**Data below**
'''

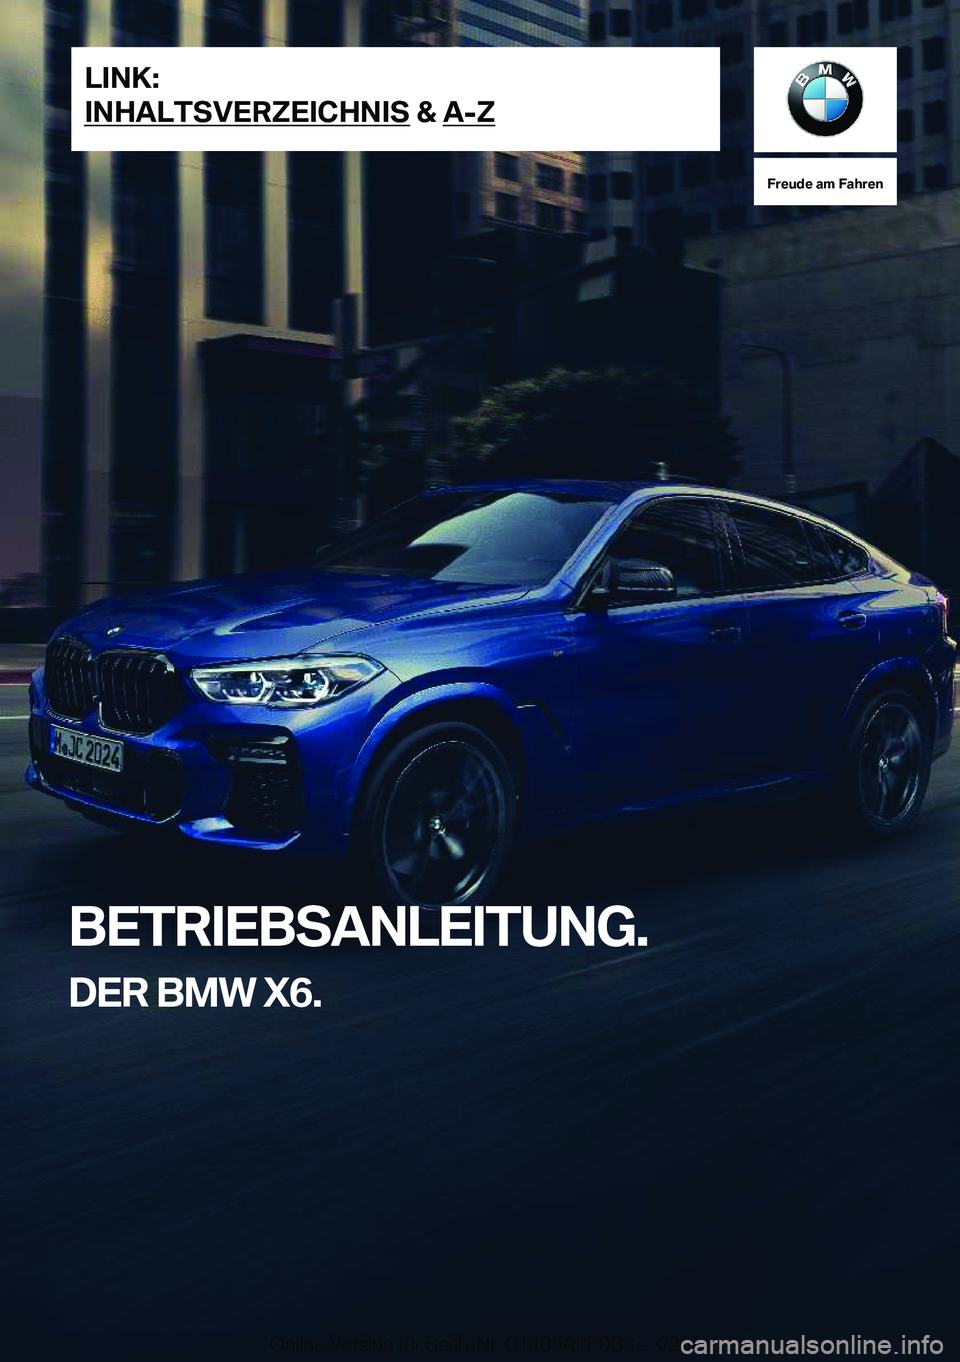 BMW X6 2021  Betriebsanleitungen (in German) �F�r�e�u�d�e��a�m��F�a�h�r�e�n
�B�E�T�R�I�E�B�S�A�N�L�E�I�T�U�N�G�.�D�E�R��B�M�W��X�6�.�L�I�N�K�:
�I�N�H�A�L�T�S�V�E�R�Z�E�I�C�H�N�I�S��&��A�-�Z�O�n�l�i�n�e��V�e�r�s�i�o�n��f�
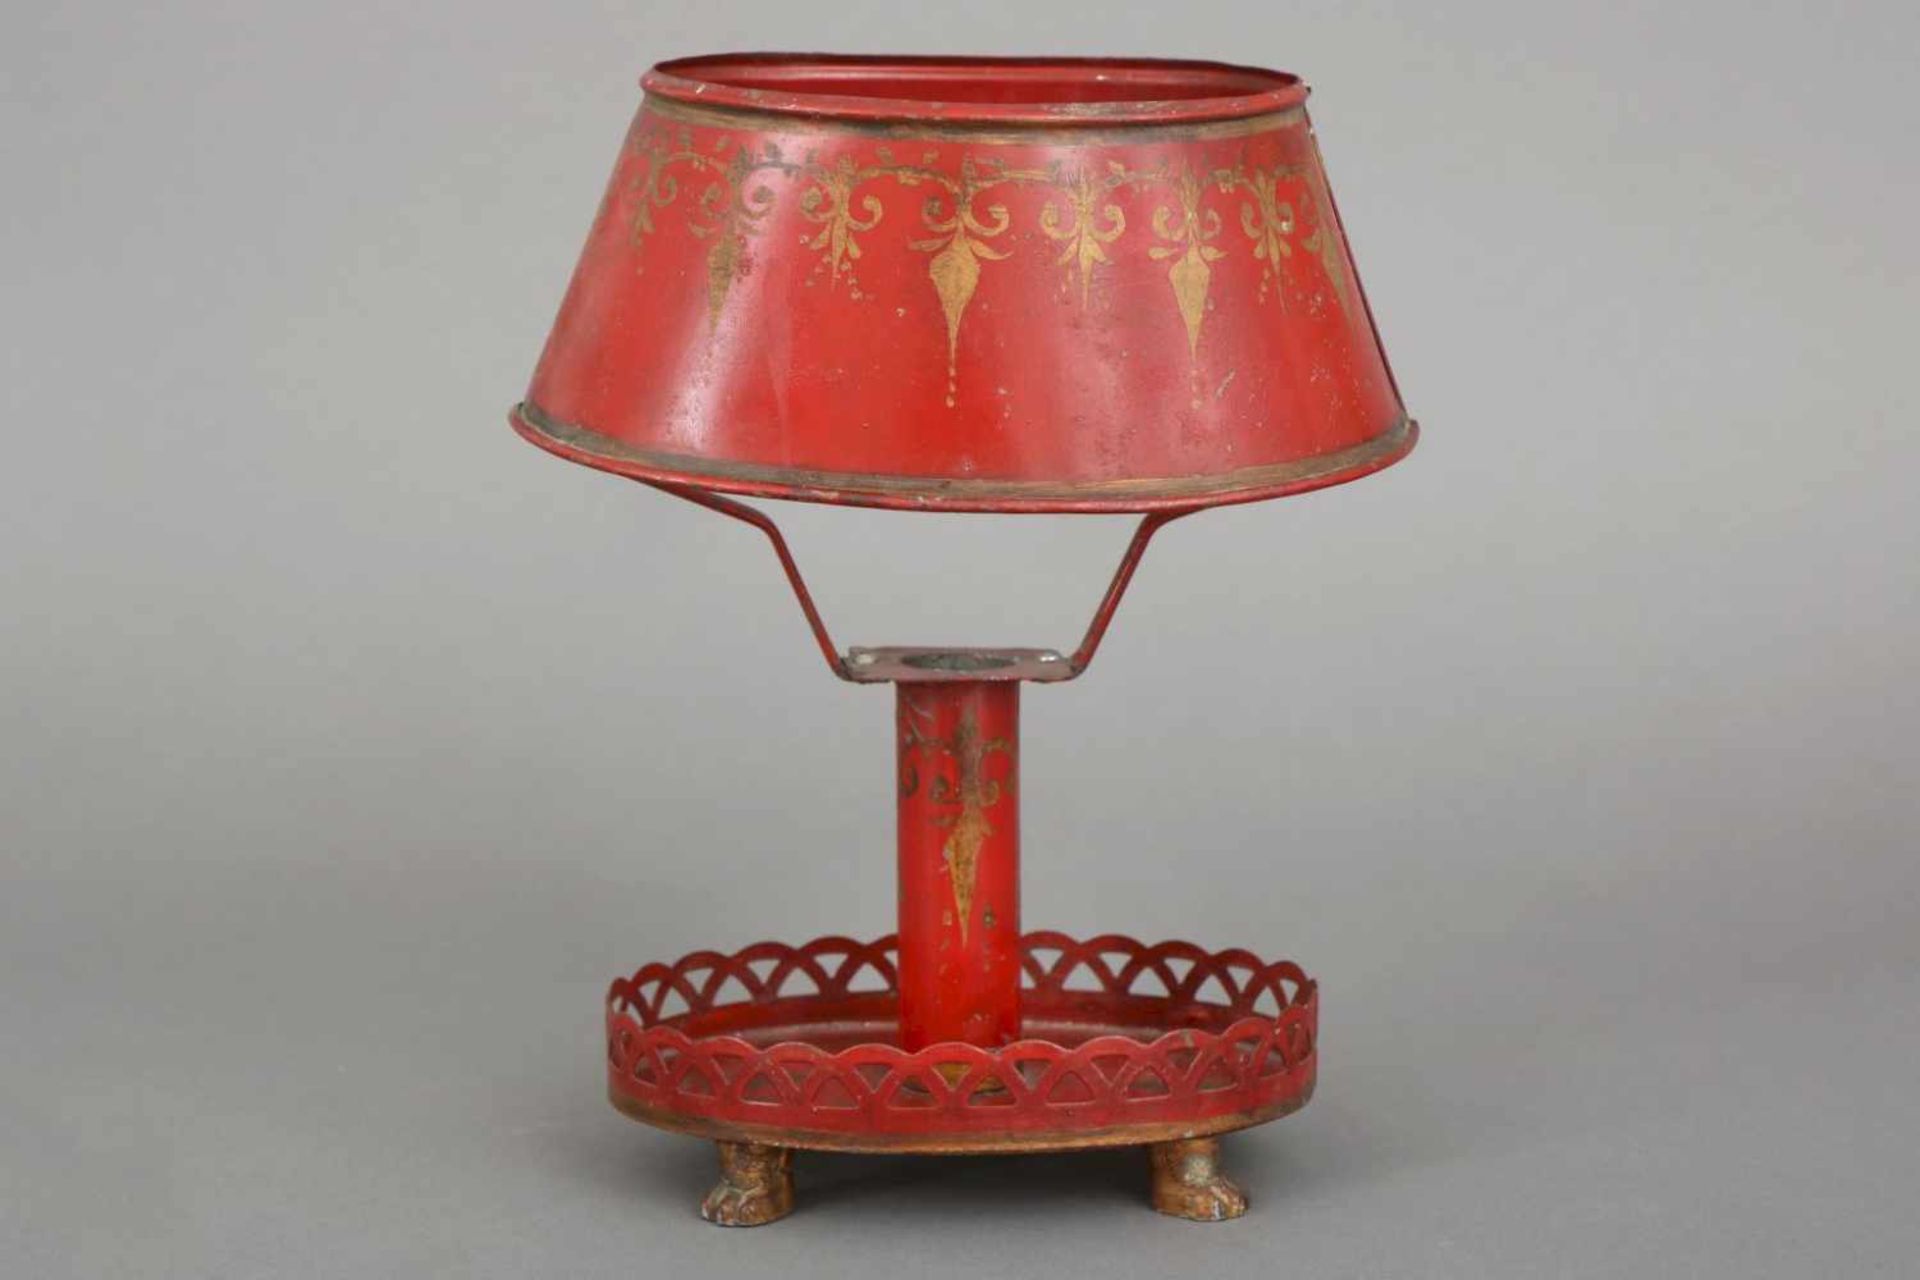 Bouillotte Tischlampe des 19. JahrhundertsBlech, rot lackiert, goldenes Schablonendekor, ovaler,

'''

**What you should do**
The reply should hold every line of the material above, unchanged, and no pictures.

**Answer section**
 BMW X6 2021  Betriebsanleitungen (in German) �F�r�e�u�d�e��a�m��F�a�h�r�e�n
�B�E�T�R�I�E�B�S�A�N�L�E�I�T�U�N�G�.�D�E�R��B�M�W��X�6�.�L�I�N�K�:
�I�N�H�A�L�T�S�V�E�R�Z�E�I�C�H�N�I�S��&��A�-�Z�O�n�l�i�n�e��V�e�r�s�i�o�n��f�
 Bouillotte Tischlampe des 19. JahrhundertsBlech, rot lackiert, goldenes Schablonendekor, ovaler,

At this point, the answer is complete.